GIVEN RECORDS
• • •
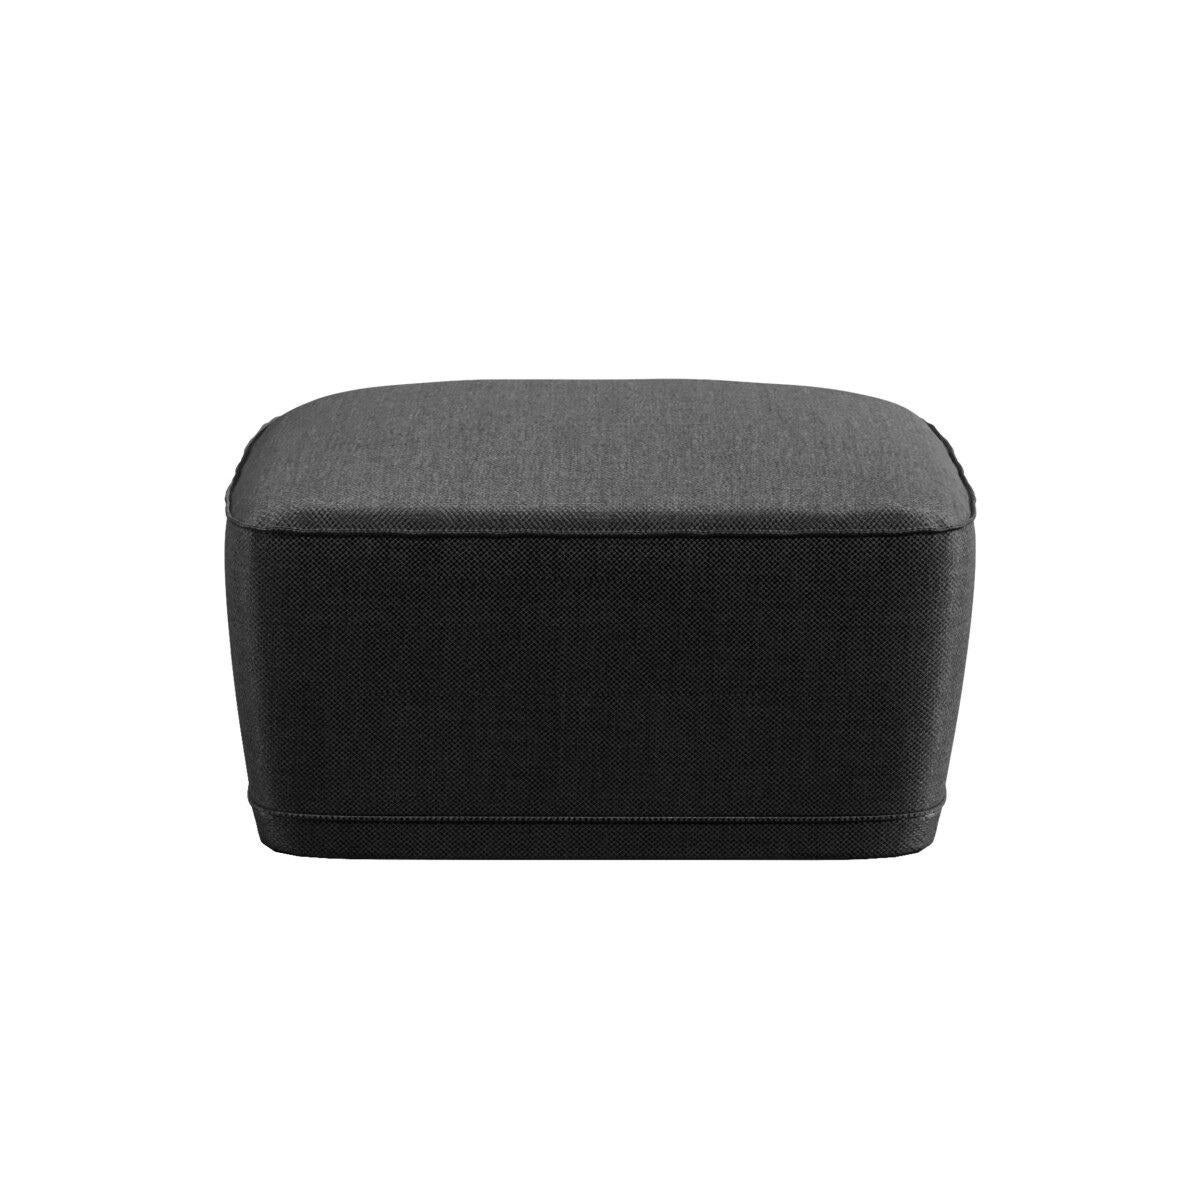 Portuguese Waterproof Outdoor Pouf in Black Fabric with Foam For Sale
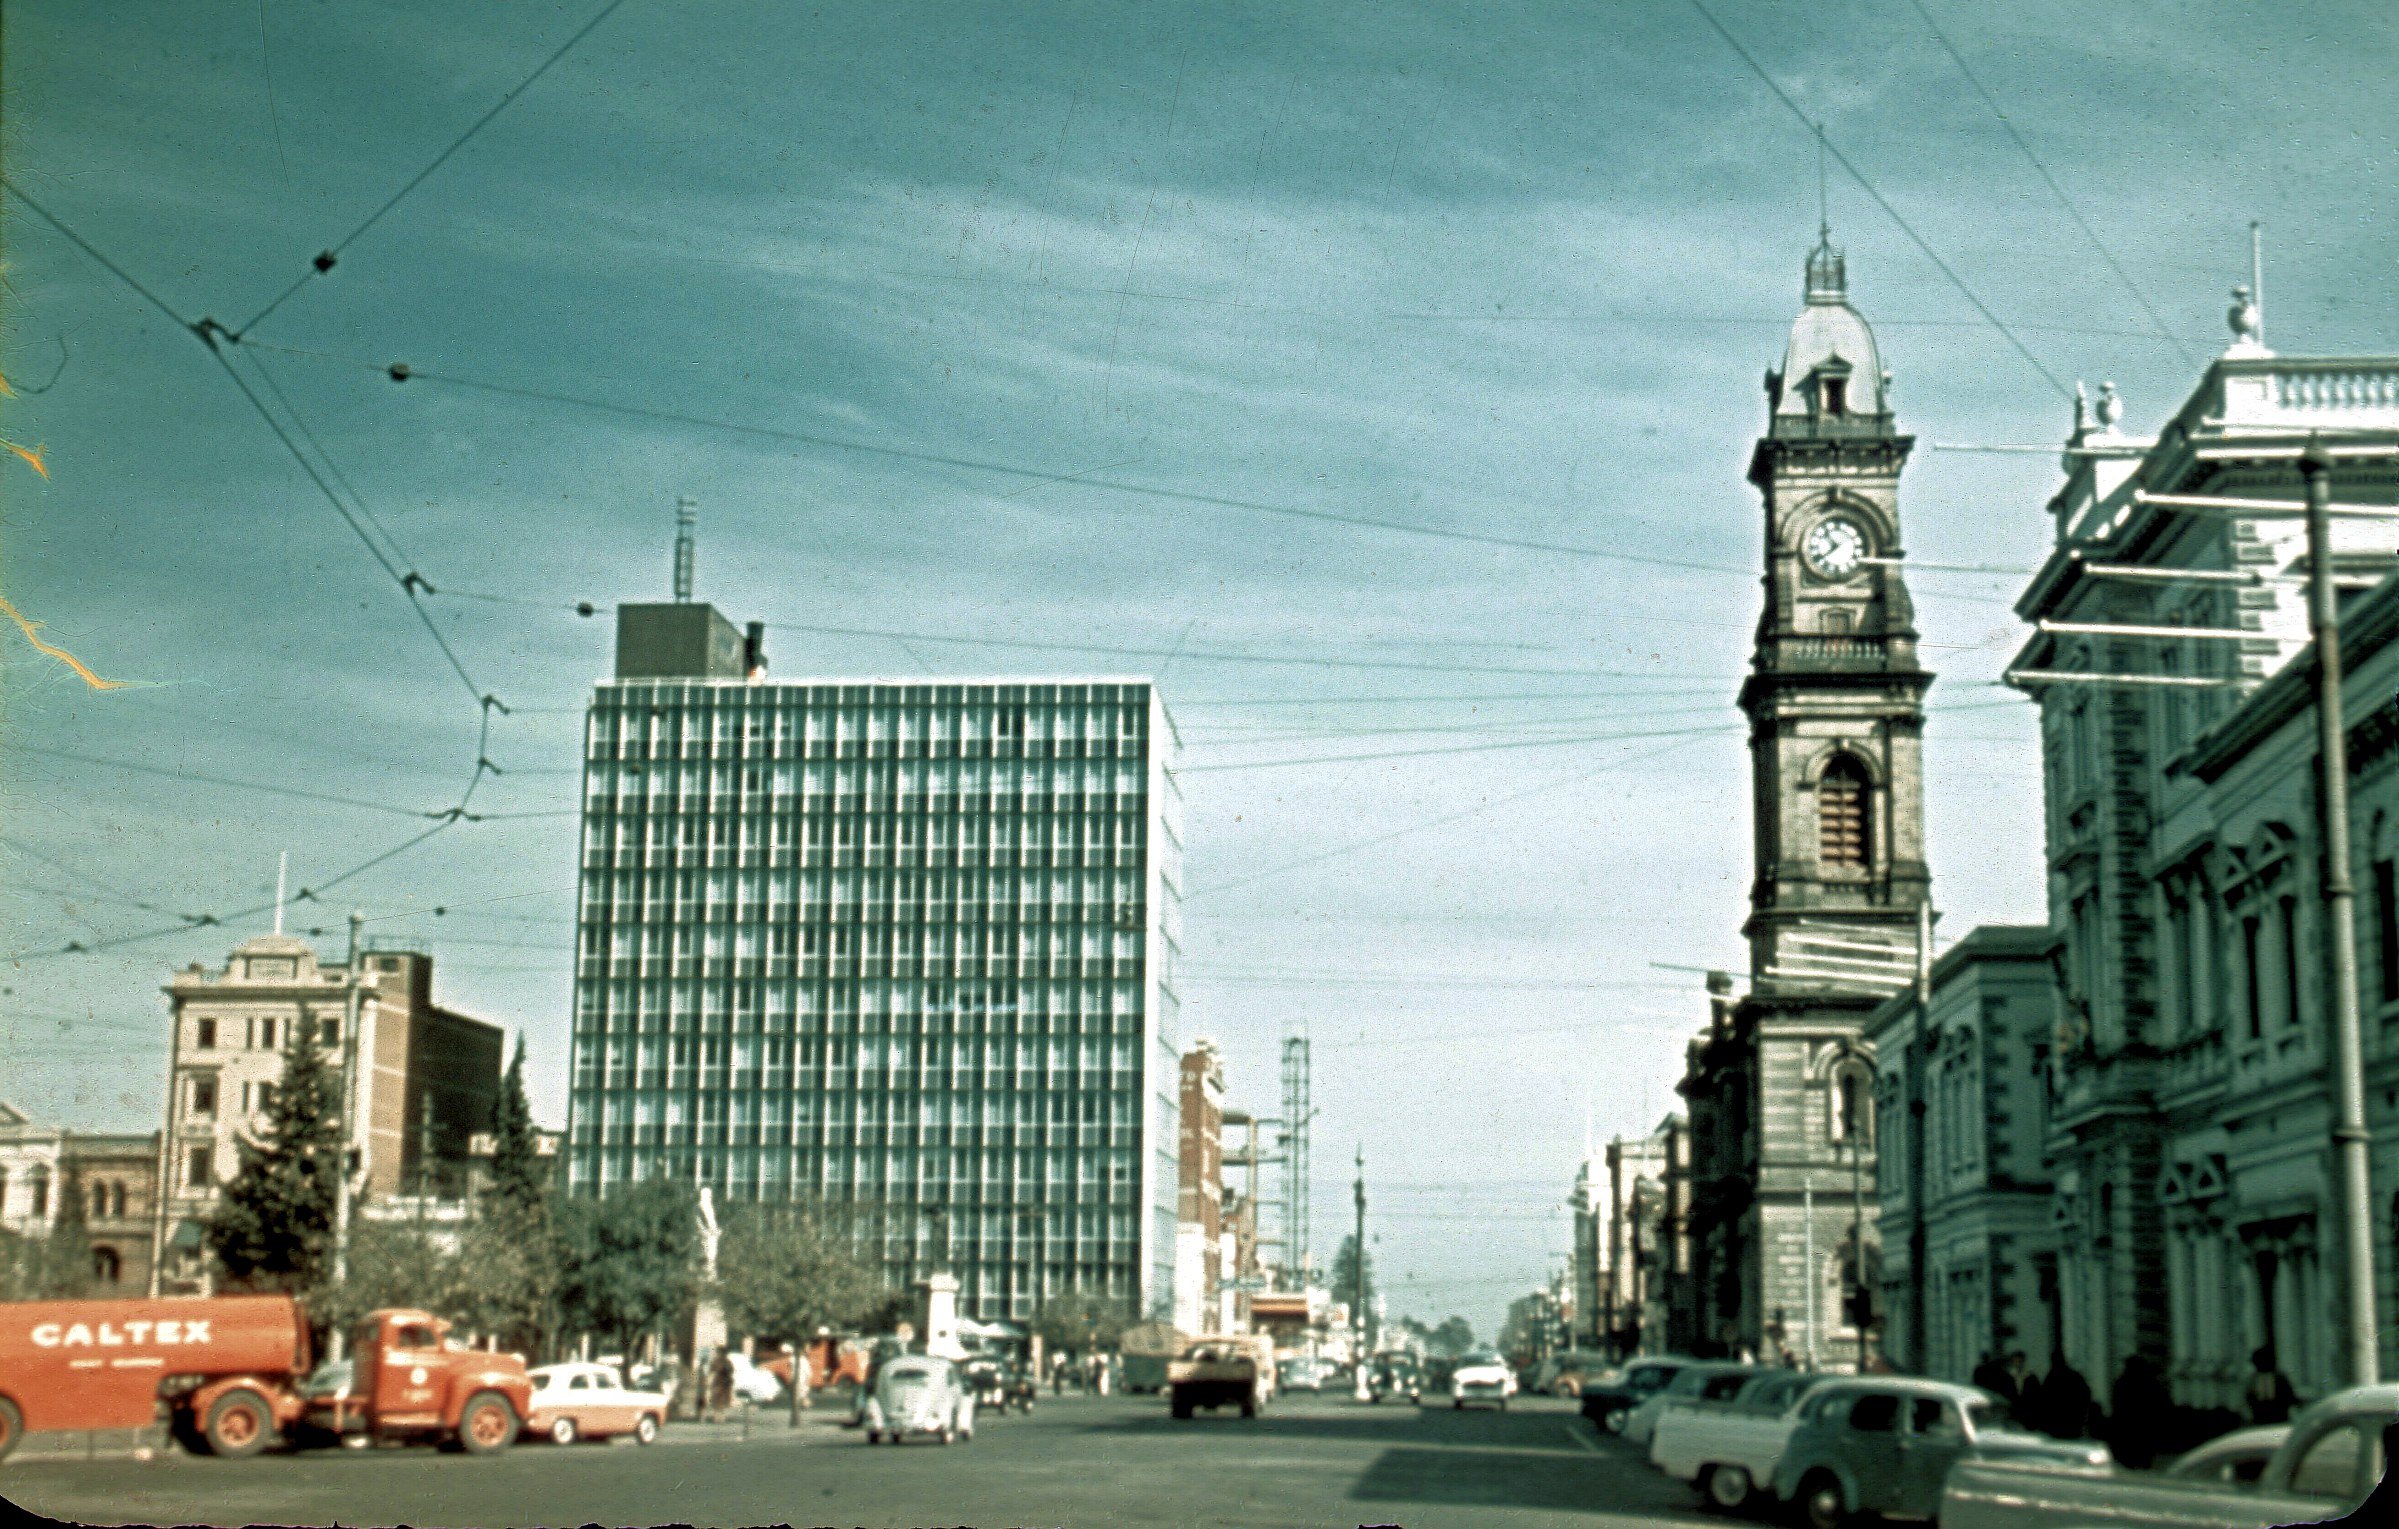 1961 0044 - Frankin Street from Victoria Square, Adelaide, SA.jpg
• • •
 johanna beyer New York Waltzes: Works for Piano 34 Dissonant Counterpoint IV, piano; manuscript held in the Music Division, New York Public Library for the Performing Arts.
• • •
WHAT THE EXERCISE ASKS
In the listing above, find the line containing "Portuguese Waterproof Outdoor" and the line containing "1961 0044 - Frankin", then return both of them and every line between, exactly, without pictures.

TASK ANSWER
 Portuguese Waterproof Outdoor Pouf in Black Fabric with Foam For Sale
 1961 0044 - Frankin Street from Victoria Square, Adelaide, SA.jpg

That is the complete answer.